Not only so, but we also glory in our sufferings, because we know that suffering produces perseverance; perseverance, character; and character, hope. And hope does not put us to shame, because God’s love has been poured out into our hearts through the Holy Spirit, who has been given to us. ~ Romans 5:3-5
A year ago today, I went to bed knowing that my father was dying. In his late eighties, he had battled numerous life-threatening ailments over about three years. Up to that point, Dad was the hardest working man I ever knew. Many people work long hours and pay the price for success, but he wasn’t among them. Dad always put his family first. He was well known for his work ethic and devotion to family, faith, and friends. Dad was gregarious and generous with his time and resources. He was always willing to help his kids, grandchildren, and friends with projects. In his retirement years, which came a little early because he chose family over career, he worked several part-time jobs. They all started as favors to friends who valued Dad’s exceptional business acumen. He worked at his last job up to a few days before his passing. His love language was sacrificial service. Dad gave of himself in a Christlike manner that warrants admiration.
Like most of us, Dad had his demons to battle. He chose to go in a radically different family rearing direction than what he had known from his father. Therefore, it was unexplored territory. While learning about himself, his wife, and his children, he navigated through unforeseeable circumstances and struggled to find the correct response when faced with areas where he wasn’t naturally gifted. In one of his written retirement musings, Dad described the ominous sounds of a troopship plying the North Sea as icebergs deflected from the hull. I think marriage and parenting were often like that for him. When he felt insecure or lacked confidence, Dad plowed through the icebergs.

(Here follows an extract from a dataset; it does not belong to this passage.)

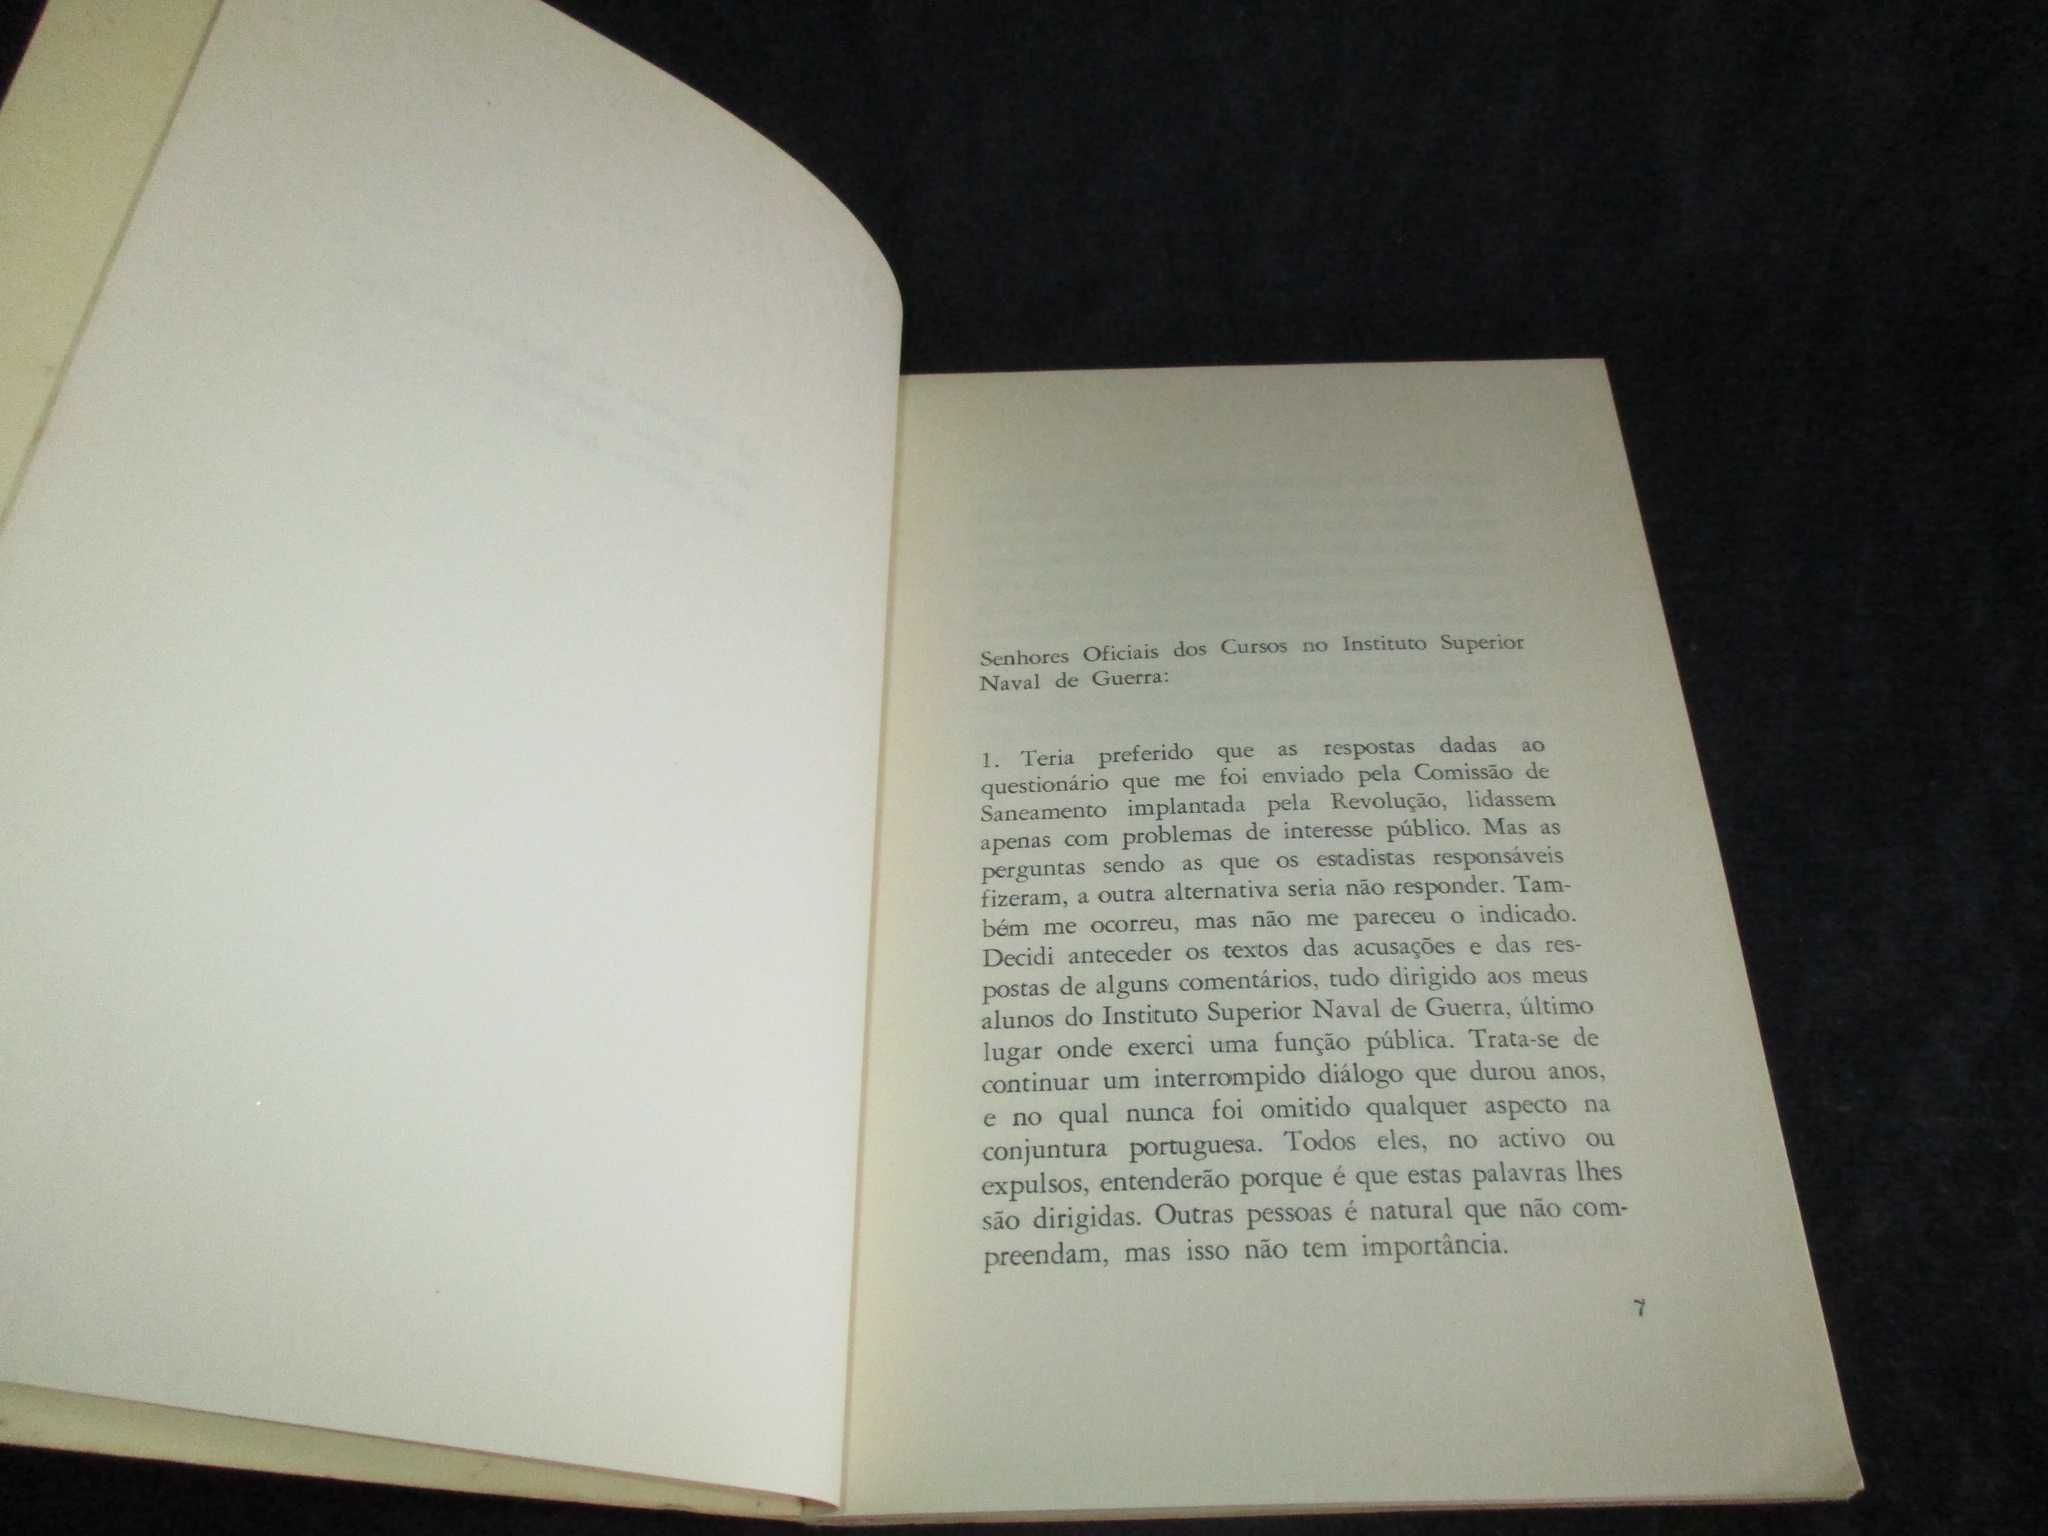 Livro Saneamento Nacional Adriano Moreira 1976

As Dad’s fourth child, I presented him with numerous opportunities for testing and at a time when many stressors passed through his life. He valued outward signs of his moral standards and disdained indications that he might be failing. If I walked a half-mile to the bus stop to meet him after a long day at work in the city, it reflected well to his friends on the bus, and I was loved and praised. If I acted silly, loud, and rambunctiously in a public setting, it embarrassed him, and he projected that shame on me. Anything that affirmed his fear of failure brought negativity. Dad often battled depression and anxiety, and it created strain in our home up to the days before his death. Nevertheless, his love was apparent most often, and his sacrificial service was consistent. Dad’s usually good nature was best known through his relentless sense of humor. He often said that good comedy came down to good timing . . . Sometimes, his timing was better than at others.
A year ago, when my mother called to tell me that Dad died, I immediately thought, “Dad’s in Heaven now, and he is understanding himself and others in a new way as he walks in the LORD’s presence.” My dad’s spiritual life was rich, and I often say that he was the best example of Catholic Christianity I ever knew. Like all of us, my dad carried a lifetime of psychological and physical scars that impede natural movement. Freed from those, Dad now experiences God’s grace to the fullest extent. He now enjoys shameless life and unfiltered light.

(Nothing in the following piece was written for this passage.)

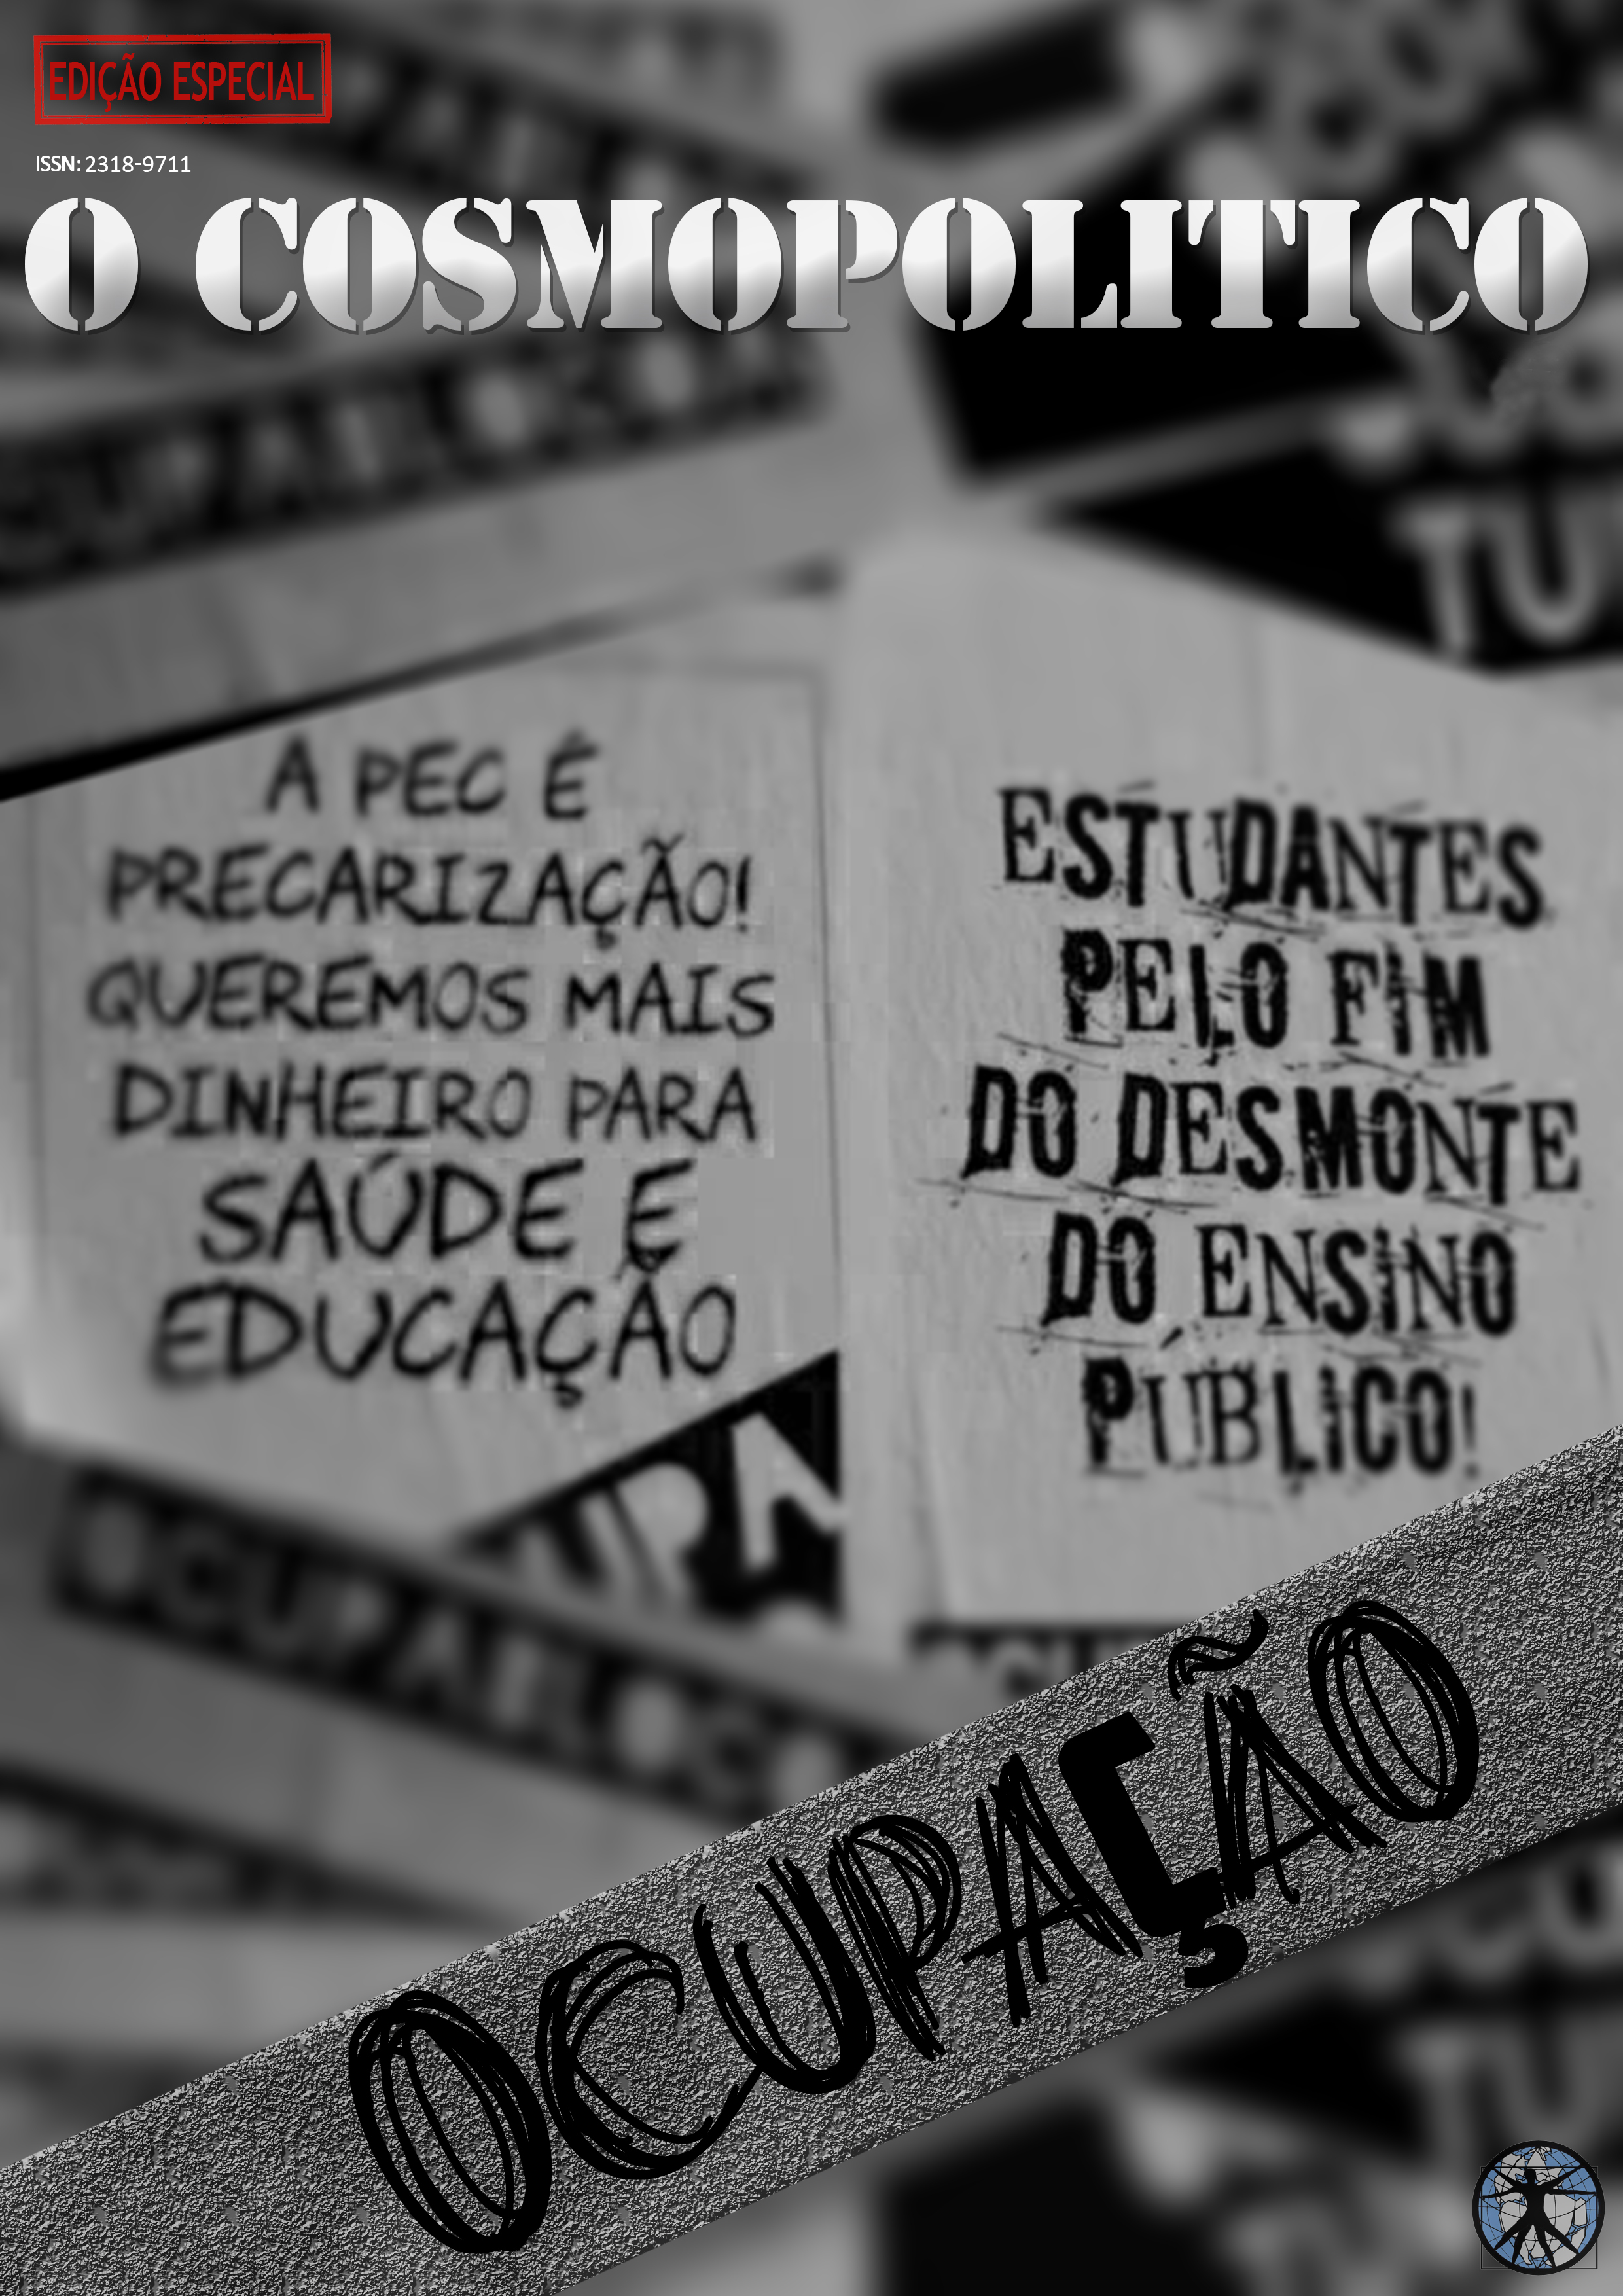 Imagem de capa: Cartazes com dizeres: "A PEC é precarização! Queremos mais dinheiro para saúde e educação", "Estudantes pelo fim do desmonte público!" e "Ocupação".

I remember a day long ago when my dad and his good friend, Sam, and I worked all day fixing some significant problems in Dad’s father’s house. We eventually stood by my invalid grandfather’s bed to say goodbye before returning to our home hundreds of miles away. Dad and Pop, both men who were uncomfortable with expressing feelings, looked at each other for several seconds. It seemed to me that Pop was trying to project regret and appreciation, maybe love. Dad may have been thinking similarly. I don’t know. But, if his love language of sacrificial service spoke then too, I’d say he found the grace to forgive and love his old man.

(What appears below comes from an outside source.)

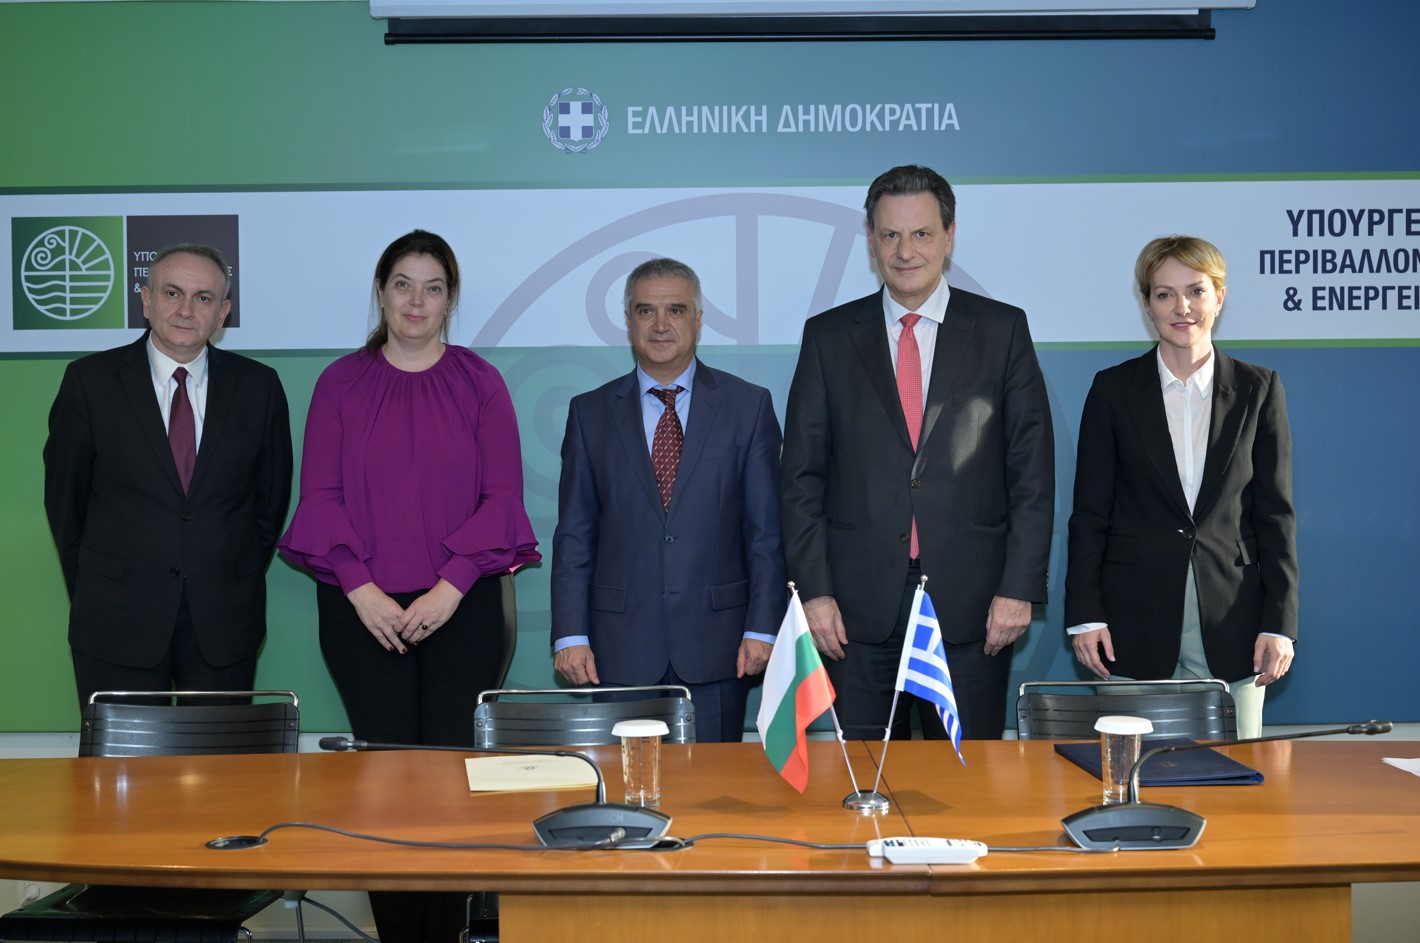 Ο Υπουργός Περιβάλλοντος και Ενέργειας, Θεόδωρος Σκυλακάκης, ο Βούλγαρος ομόλογός του, Ρούμεν Ράντεφ, η υφυπουργός Αλεξάνδρα Σδούκου, η υφυπουργός της Βουλγαρίας Ίβα Πετρόβα και ο Πρέσβης της Βουλγαρίας στην Αθήνα, Βαλεντίν Ποριάζοβ © ΔΤ

In the passage above, the Apostle says that God pours His love into us. He also says our sufferings produce character. Therefore, it is not uncommon for one, deeply loved, to suffer trials and temptations that strengthen his personality. It is most evident in the largely unseen moments of genuine compassion for self and others.
I, too, have chosen a different path of self-care, marriage, and parenting. At times it is not so far from my father’s way. Sometimes, it is radically different. Even so, I am grateful for all the ways that God blessed me through my parents, especially today, my dad. Today, I choose to remember what I will miss the most while I wait to see him again. I prefer to reflect on all the positive ways he helped shape me into a man after God’s own heart.